Floating Casinos Down on Their Luck - Monday 12th of September 2005
The glitzy, three-story floating casinos that define this adult waterfront playland were picked up and hurled as much as a mile onto streets and sidewalks when Hurricane Katrina came blasting through over a week ago. Some were split in half, their slot machines spilling out into the Gulf of Mexico as if Mother Nature had hit the jackpot.
The casinos that were responsible for the coastlines economic rebirth in the early 1990s have mostly been reduced to a tangle of broken rods and twisted metal beams, leaving 14,000 employees without jobs and the waterfront a colossal mess.
Diane Stump was a security coordinator on the Casino Magic, a gambling establishment that washed ashore during Hurricane Katrina. (By Michel Ducille -- The Washington Post)
Most owners have said they are determined to rebuild the casinos, which look more like land-based buildings than barges. But the damage is so extensive and the shock of the events so stinging and fresh, rebuilding efforts are far from underway.

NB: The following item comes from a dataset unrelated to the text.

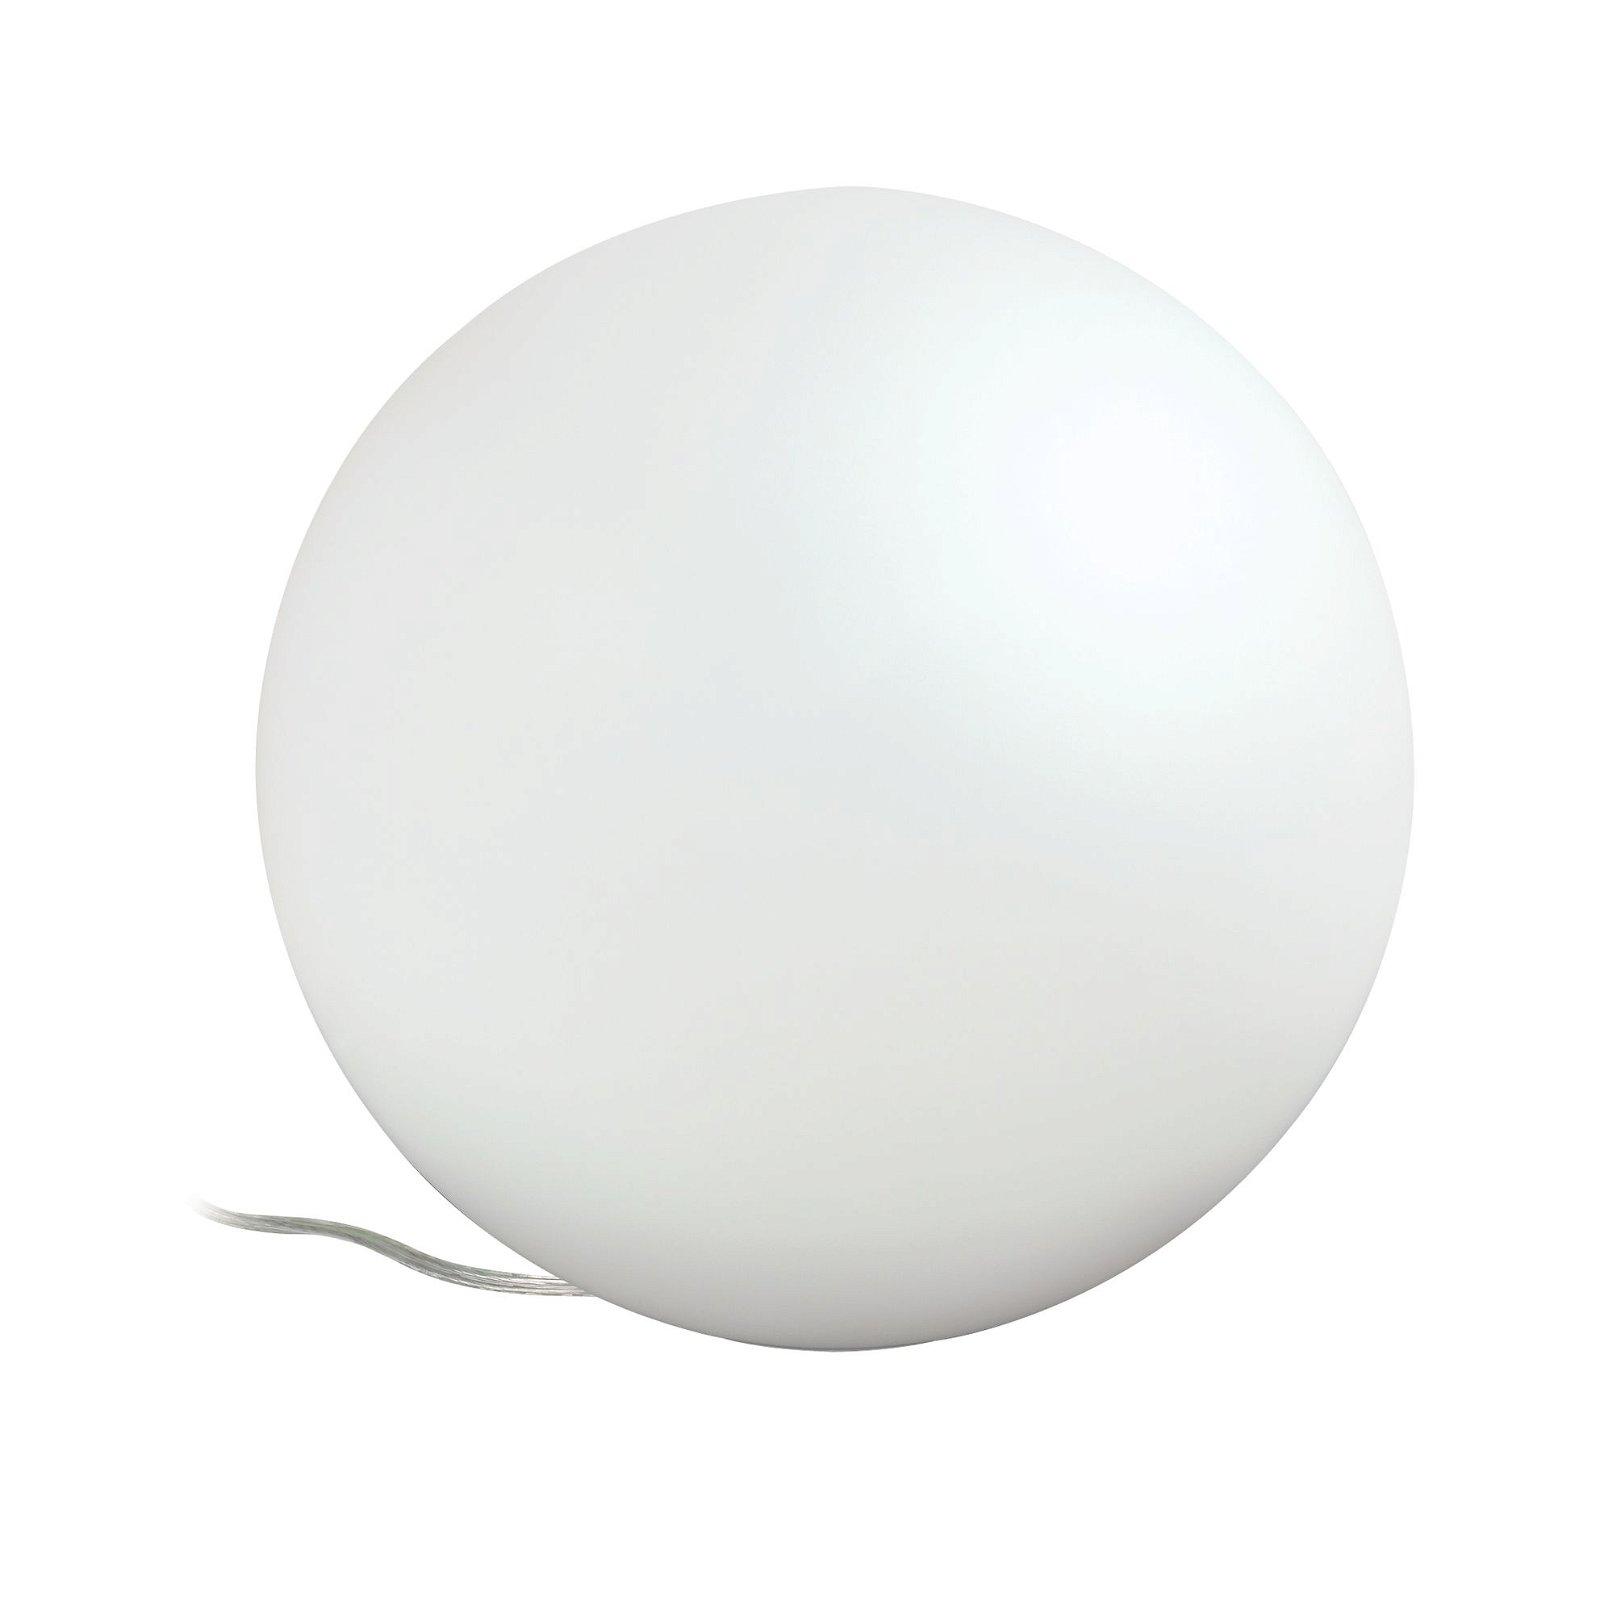 LED-tafellamp Siegen E27 RGBW 7,5W Opaal/Satijn

Tuesday, casino officials were escorting insurance agents through the wreckage, showing them the havoc Katrina wreaked.
"They are looking for whats salvageable," said Robert F. Kelly Jr., vice president of development and construction for Harrahs Entertainment, which owns Harrahs New Orleans, the Grand Casino Biloxi and the Grand Casino Gulfport. "They are not going to find much of that here."
Kelly leaned against his truck and looked at the 680-foot-long, 180-foot-wide floating casino barge he built 12 years ago, now marooned on a patch of grass a quarter-mile from its anchor. Inside, there are 2,500 slot machines.

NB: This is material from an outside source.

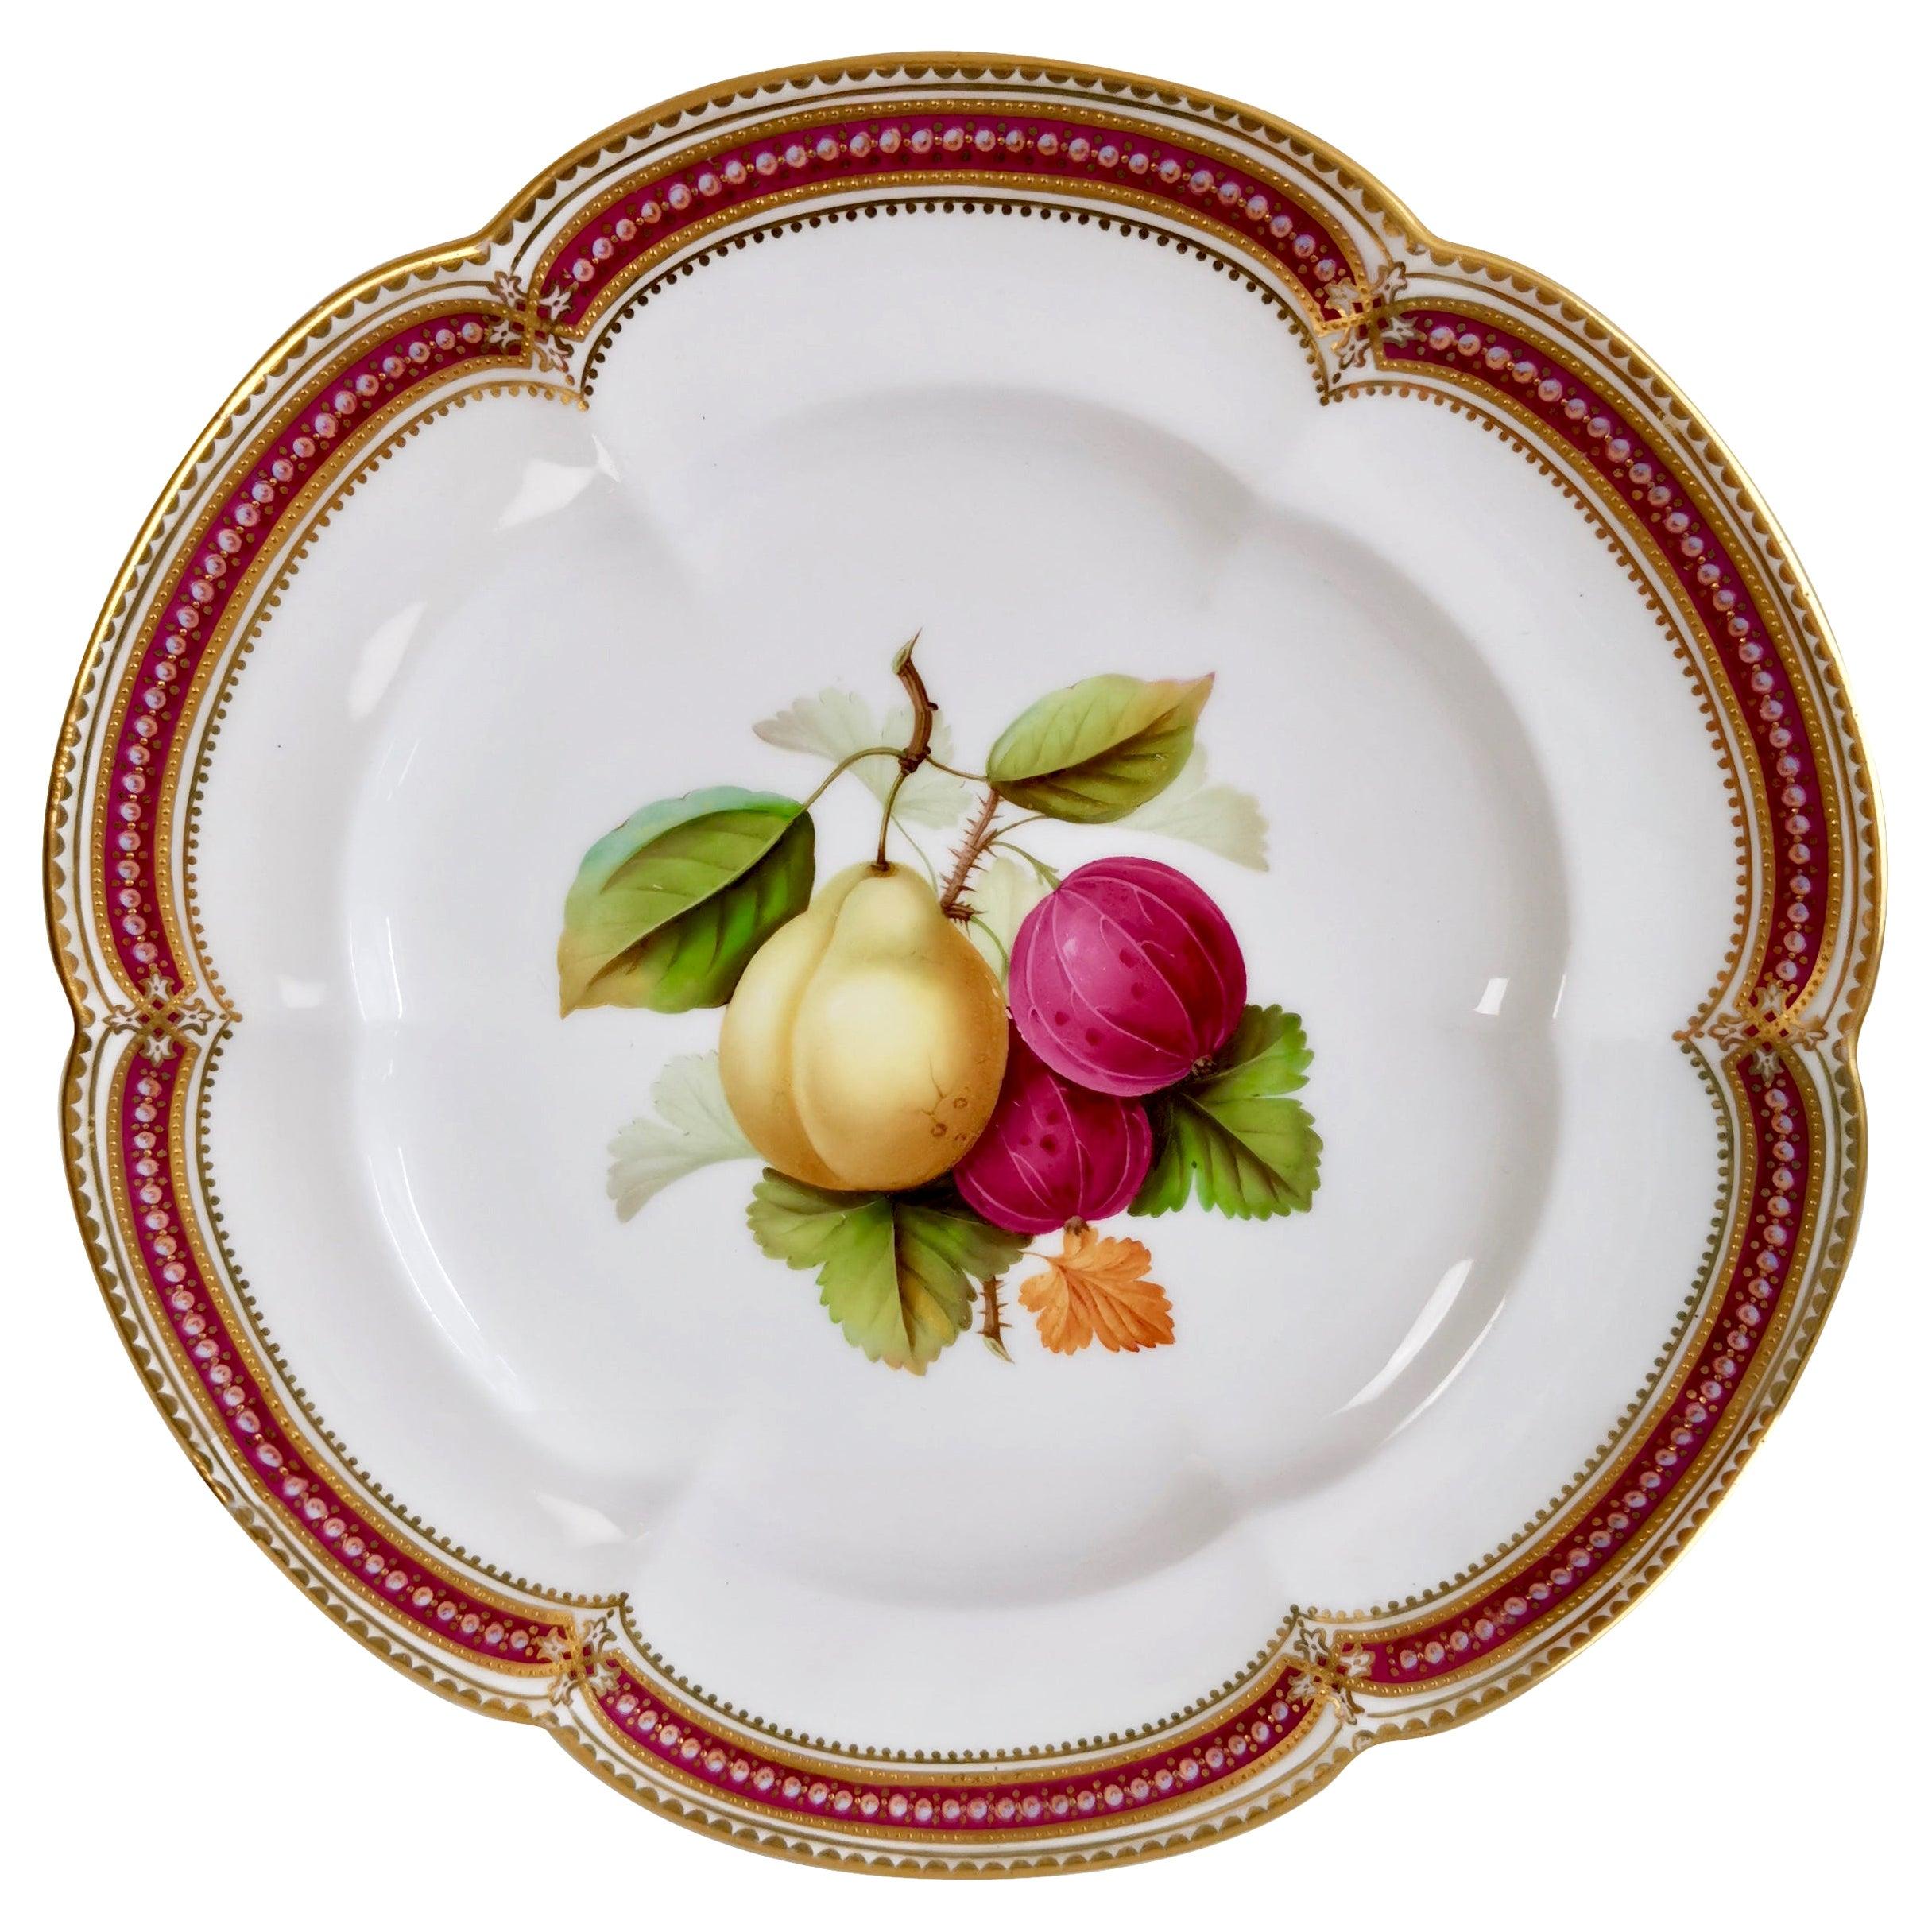 Coalport Dessert Plate, Fruit Painting by Jabey Aston, circa 1870

The winds and the storm surge tore the barge off its mooring, which is 60 feet wide and 120 feet deep, and is filled with rebar and concrete.
"This is just unbelievable to me," Kelly said, surveying the exposed cables and metal beams. "I built this."
He said the barge would have to be cut into pieces, separated by parts, and recycled or put underground somewhere.
All 13 of the regions casinos in Biloxi, Gulfport and Bay St. Louis are closed, costing Mississippi $500,000 in gambling taxes every day, officials told the Associated Press. The states offshore gambling industry provides $2.8 billion a year in revenue and $333 million in tax revenue, according to the American Gaming Association.
By Mississippi law, casinos must float and can be only along the Gulf Coast or the Mississippi River. In the past week, there has been talk of amending that law to allow land-based gambling.
In addition to bringing huge revenue, the barges have enticed game dealers, bartenders, entertainers, managers and other casino employees to move to the area for jobs. Each casino also has a land-based hotel with thousands of additional workers.